Device: Intel(R) Iris(R) Xe Graphics
OpenCL Version: OpenCL 3.0 NEO 
Driver Version: 23.17.26241.21
Freq: 1300 | Units: 96 | Memory: 4294959104
[ Work.. ]
1804289408.000000
846930880.000000
1681692800.000000
1714636928.000000
1957747840.000000
--- Host results (double) ---
42476.927949
29102.076902
41008.447910
41408.174652
44246.444377
--- GPU results ---
42476.929688
29102.076172
41008.449219
41408.175781
44246.445313
[ DONE ]

But if I try to perform actions on a GPU vector of any type other than <float>, for example

    cl::vector<double> gpu_data(...);

or

    cl::vector<uint> gpu_data(...);

then the transform method fails:

--- Host results (double) ---
42476.927949
29102.076902
41008.447910
41408.174652
44246.444377
terminate called after throwing an instance of 'boost::wrapexcept<boost::compute::program_build_failure>'
  what():  Build Program Failure

And it concerns not only root calculation.
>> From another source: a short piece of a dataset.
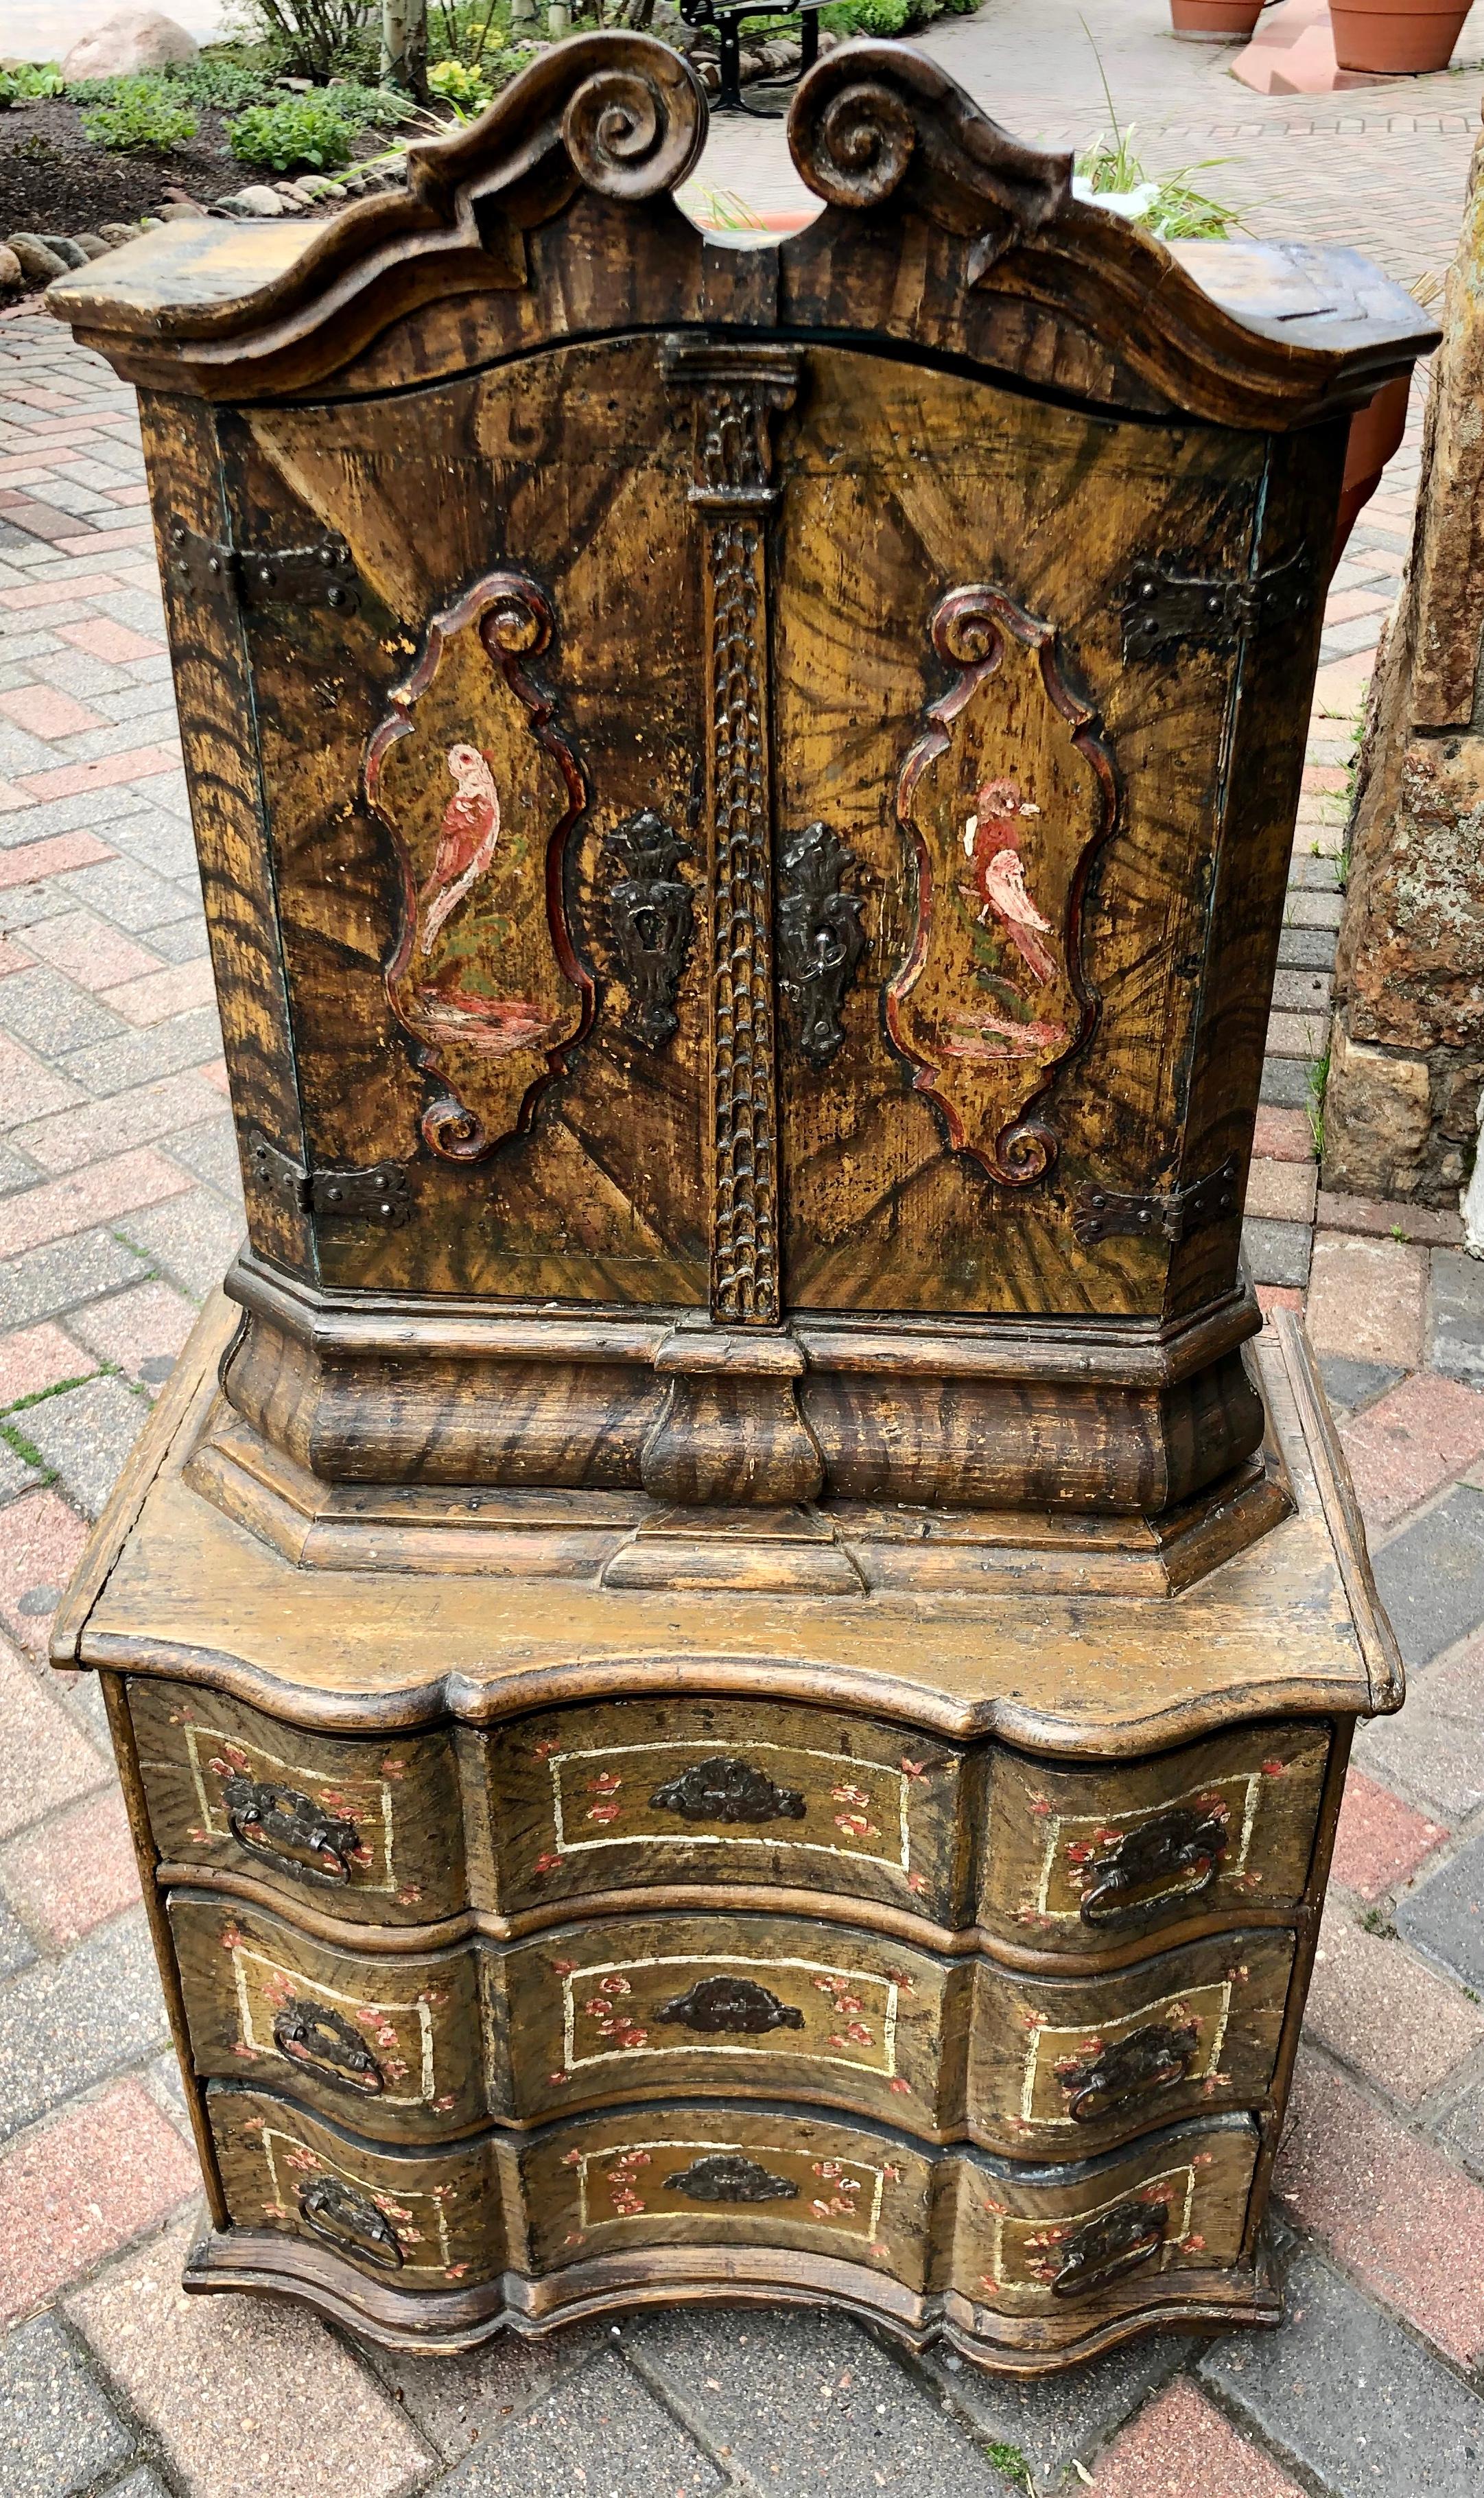 Most likely Austrian, locking top and all the drawers are functional. The piece is in overall very good condition given its age, excellent craftsmanship. This is very rare to find a painted piece or these proportions.

For example, the floor() rounding function also fails.

Some tests with combinations of types:

/*** Work ***/
std::vector<float> host_data(...);
cl::vector<float> gpu_data(...);
... cl::sqrt<float>(), ...);

std::vector<float> host_data(...);
cl::vector<float> gpu_data(...);
... cl::sqrt<double>(), ...);

std::vector<double> host_data(...);
cl::vector<float> gpu_data(...);
... cl::sqrt<double>(), ...);

std::vector<double> host_data(...);
cl::vector<float> gpu_data(...);
... cl::sqrt<float>(), ...);

/*** CL crash ***/
std::vector<double> host_data(...);
cl::vector<double> gpu_data(...);
... cl::sqrt<double>(), ...);

std::vector<double> host_data(...);
cl::vector<double> gpu_data(...);
... cl::sqrt<float>(), ...);

std::vector<float> host_data(...);
cl::vector<double> gpu_data(...);
... cl::sqrt<double>(), ...);

std::vector<float> host_data(...);
cl::vector<double> gpu_data(...);
... cl::sqrt<float>(), ...);

Is my GPU the problem? Is it Boost? OpenCL?